Put a breakpoint on the last system text block. If there are tools, they render before system — the marker on the last system block caches tools + system together.

"system": [
  {"type": "text", "text": "<large shared prompt>", "cache_control": {"type": "ephemeral"}}
]

Multi-turn conversations

Put a breakpoint on the last content block of the most-recently-appended turn. Each subsequent request reuses the entire prior conversation prefix. Earlier breakpoints remain valid read points, so hits accrue incrementally as the conversation grows.

// Last content block of the last user turn
messages[-1].content[-1].cache_control = {"type": "ephemeral"}

Shared prefix, varying suffix

Many requests share a large fixed preamble (few-shot examples, retrieved docs, instructions) but differ in the final question. Put the breakpoint at the end of the shared portion, not at the end of the whole prompt — otherwise every request writes a distinct cache entry and nothing is ever read.

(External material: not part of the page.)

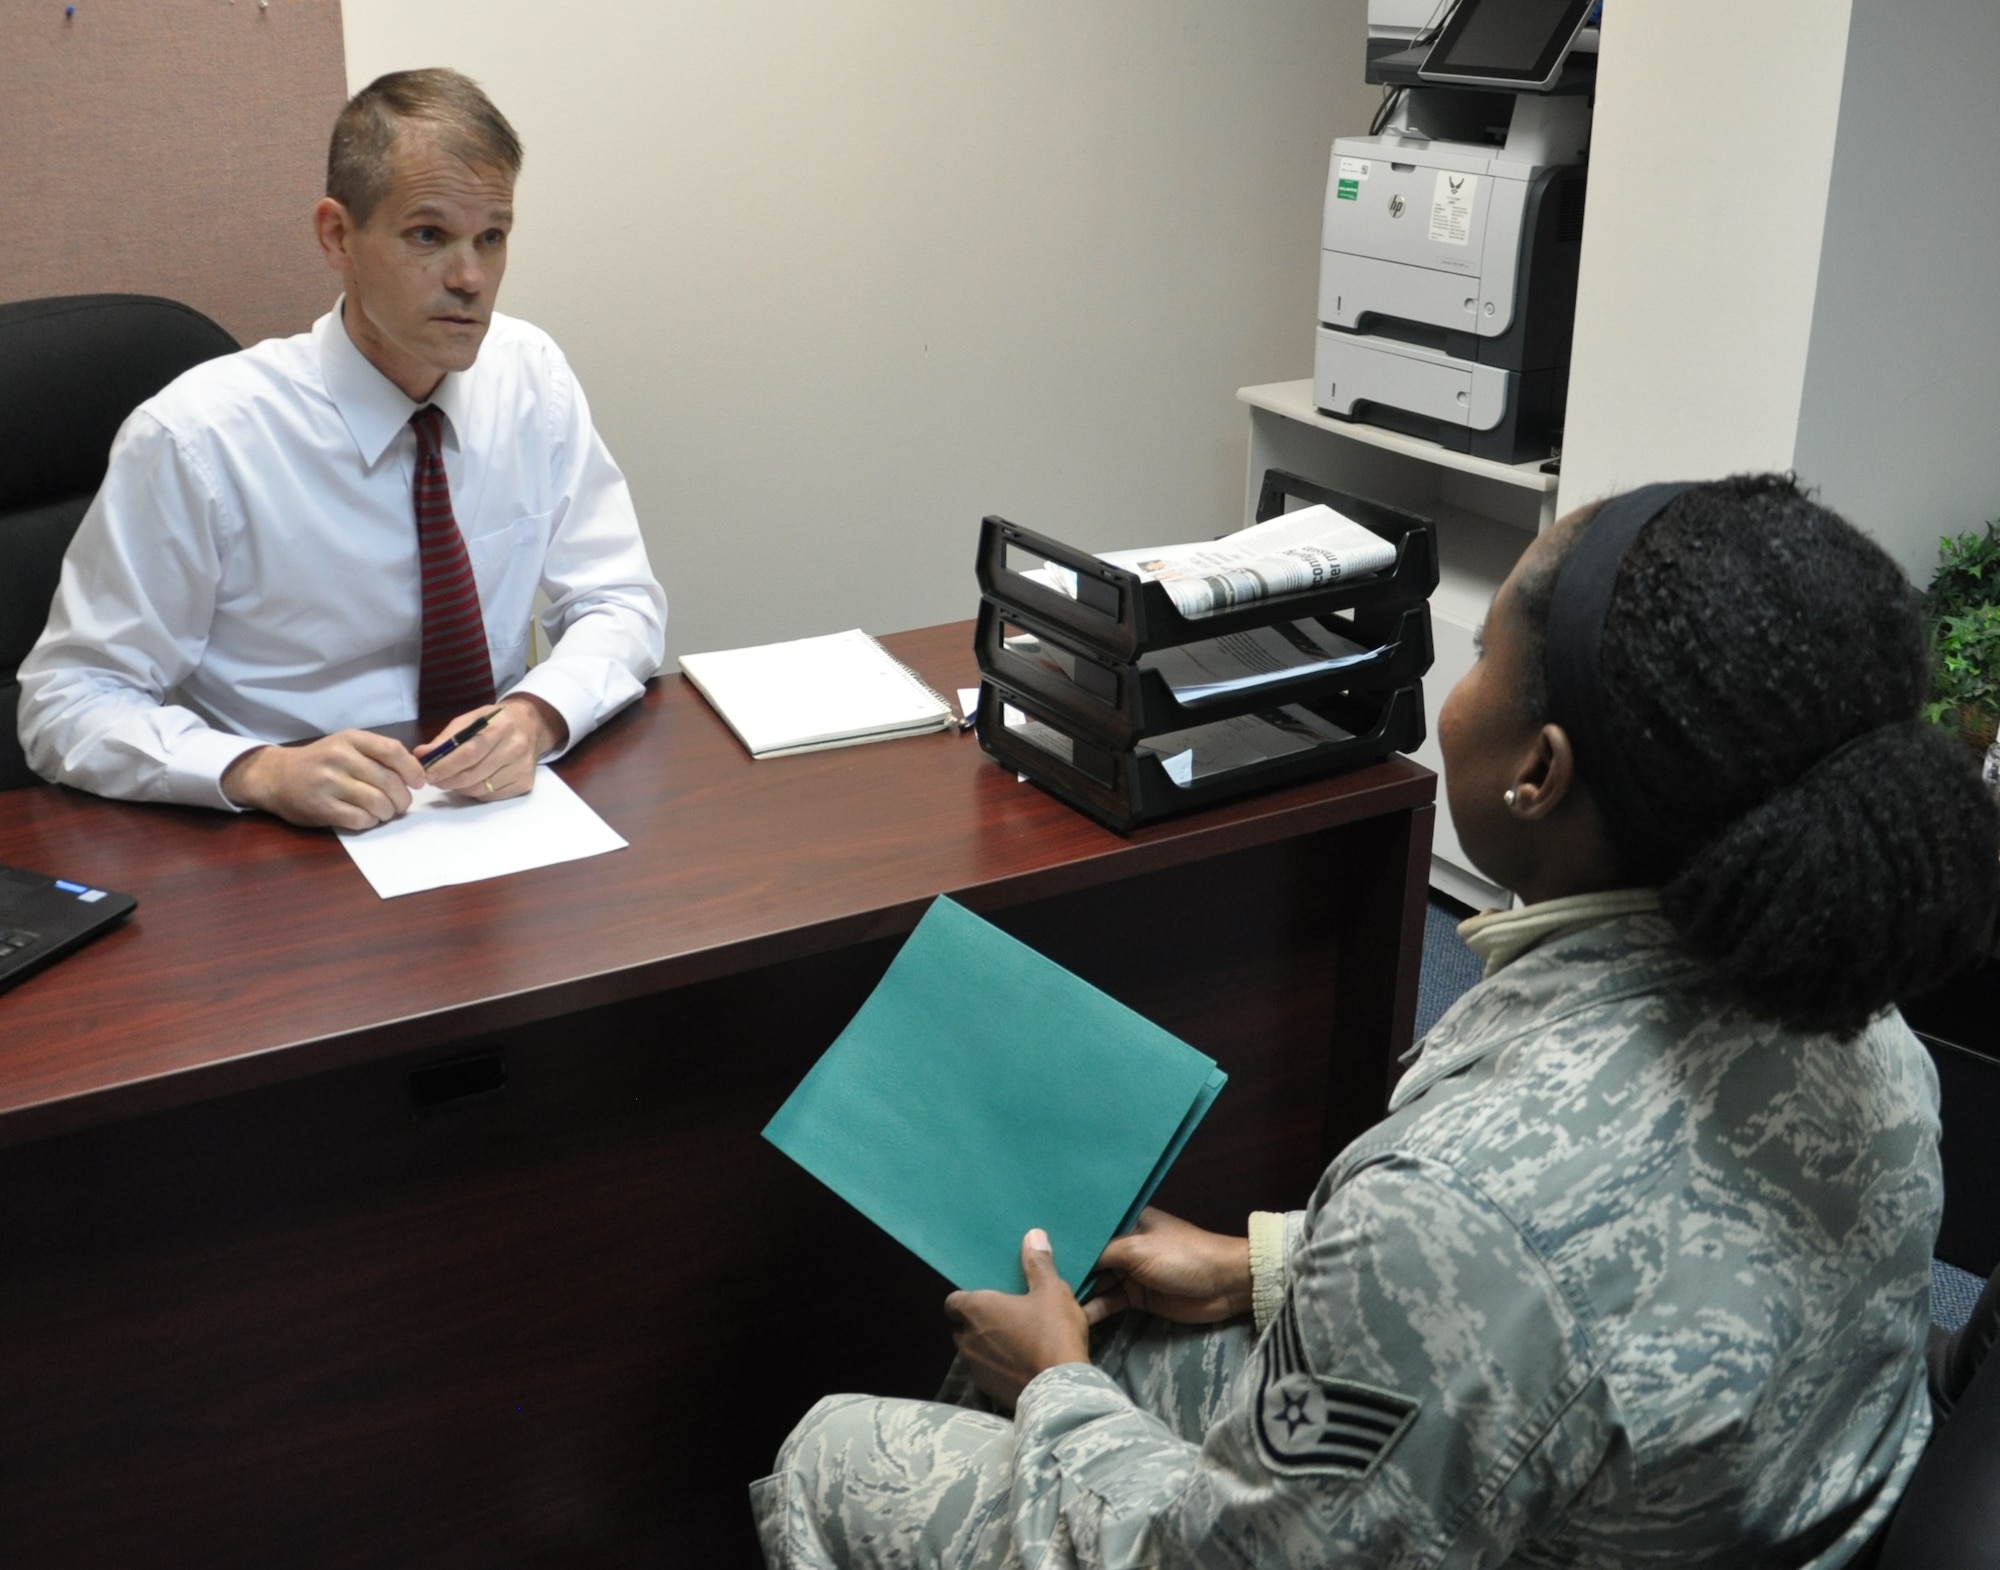 Staff Sgt. Jeria V. Dotson discusses finanancial planning with Micah Neuse, a personal financial counselor at the Airman and Family Readiness Center. (U.S. Air Force photo/W. Eugene Barnett Jr.)

"messages": [{"role": "user", "content": [
  {"type": "text", "text": "<shared context>", "cache_control": {"type": "ephemeral"}},
  {"type": "text", "text": "<varying question>"}  // no marker — differs every time
]}]

Prompts that change from the beginning every time

Don't cache. If the first 1K tokens differ per request, there is no reusable prefix. Adding cache_control only pays the cache-write premium with zero reads. Leave it off.

Architectural guidance

These are the decisions that matter more than marker placement. Fix these first.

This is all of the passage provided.